Learning Thai Massage in Thailand


When I think of Bangkok Thailand, where I was about this time last year, I remember beautiful Buddhist temples with ancient statues, like the immense gold-leafed image of the reclining Buddha, or the statues of sages doing yoga postures. I recall monks in light orange robes buying coffee and taking boat rides on the Chao Phraya River that runs through the city.
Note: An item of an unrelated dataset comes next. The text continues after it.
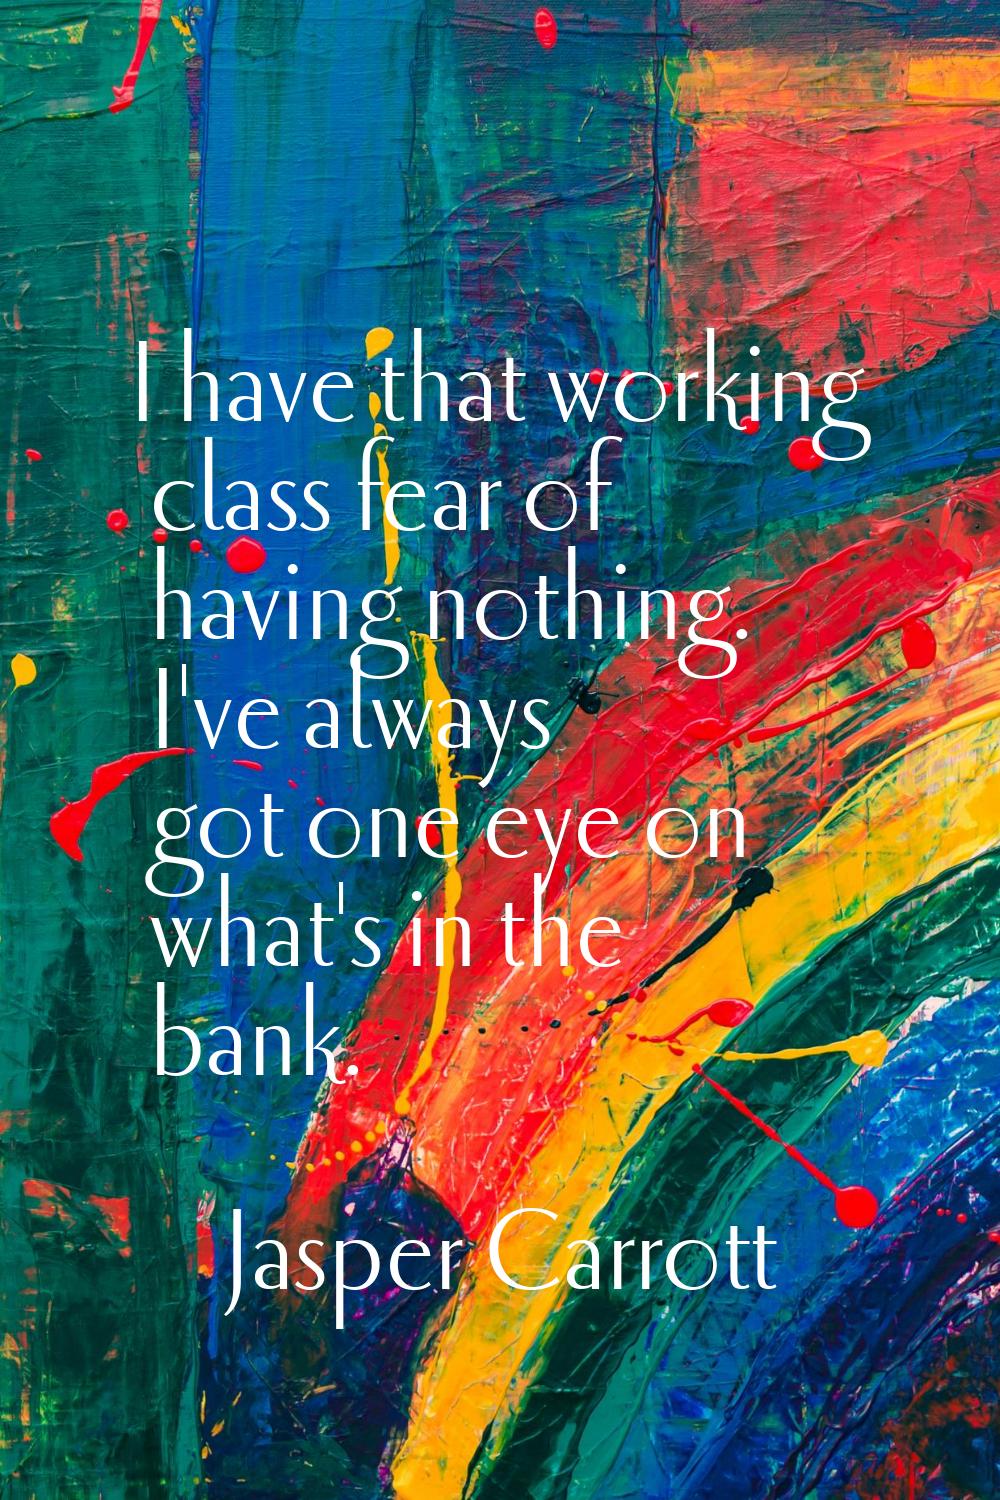 I have that working class fear of having nothing. I've always got one eye on what's in the bank.
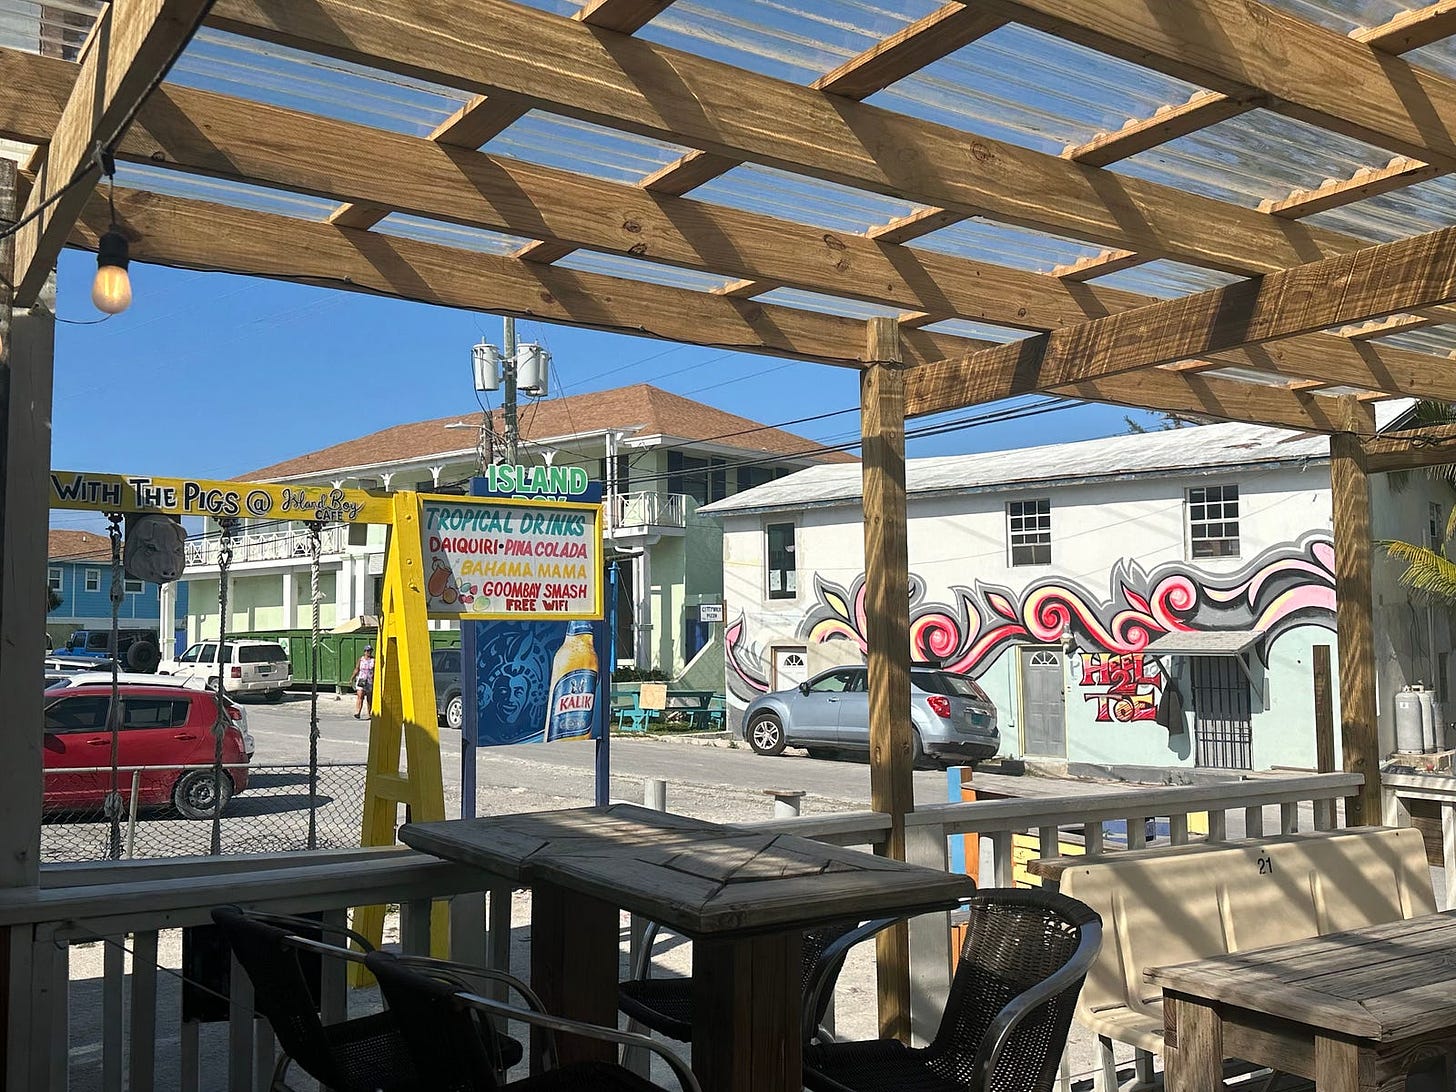 Wood pergola over picnic tables and chairs. A yellow sign — “Island Bar” and has list of a few cocktails. A colonial-style building is at the back of the parking lot with another plain white two-story building. There is pink and grey street art on the white building, that says “Heel 2 Toe”

I also think of the sixty or so mostly Thai people in my Traditional Thai Massage class and the chanting before class in the Thai language to honor and invoke a healing state of mind. All of my minor health ailments disappeared during that week in which I was learning Thai Massage eight hours a day. I was sore from being palpated over and over in the same places by students. We learned to massage acupressure points along Sen Lines all over the body. Sen Lines are similar to acupuncture meridians and are said to be pathways along which the "lom" or life-force travels. When there is pain, the Sen line is said to be obstructed or even "broken." There were two lines on the inner leg and three on the outer. The back had two major lines with additional lines around the scapula. Similarly the arms, the neck, the head, the feet, and the abdomen were all mapped with points and lines to be worked with palm and finger acupressure. The bottoms of the feet were also used to administer the massage, in places such as along the hamstrings on the back of the thighs. My entire body was being used as an instrument to relax and open people up to the life-force of "lom" as I learned to use my elbows, my forearms, and even my knees at one point to relax and release tense muscles and obstructed energy flow. We learned also to stretch people into various postures, providing a kind of assisted yoga, a hallmark feature of Thai Massage.
At the end of a week of being pressed and prodded, stretched and stretched some more, both my body and mind were freed up. As I walked the streets of Bangkok surrounded by a population which almost entirely Buddhist, I had a satori moment. In the midst of all the street vendors, honking rickshaws and taxis, I asked myself about the root causes of my life issues and flashed on the cause of my sufferings: the sense of "I," "Me," and "self." The knots and tensions that I have within myself all hinge on some worry, some memory, or some anxiety all related to my individual story line. "I" haven't achieved this or that, or "I" don't have enough work, or "I" was laughed at by those people.
At a Buddhist monastery named Wat Arun, I visited one of the head monks and described my "aha" moment. He thought I had glimpsed or seen through the dilemma of the self which is the source of our problems in life. He said if I would keep "enquiring" and "questioning" in my meditation that the satori moment could be extended, becoming more and more a stable way of life. He stated that merely breathing, watching the breath, and relaxing in meditation would not be enough. To make progress spiritually, he instructed, I would need to ask "why?" Why am I suffering in this way? What is the real cause?
The force of my health conditions had evaporated while engaged in an intense format of Thai Massage practice and training. This and that ache and pain, this and that symptom evaporated. The force of my personality, with its habitual mental habits, emotions and worries, also lightened up a bit, revealing a bit of that blue sky, or glimpse of the true Self, that is said to exist when the clouds of the ego dissipate. In an ancient Buddhist Kingdom was called Siam, I had learned an ancient form of bodywork, Traditional Thai Massage, and had experienced its effects on the body, mind and spirit.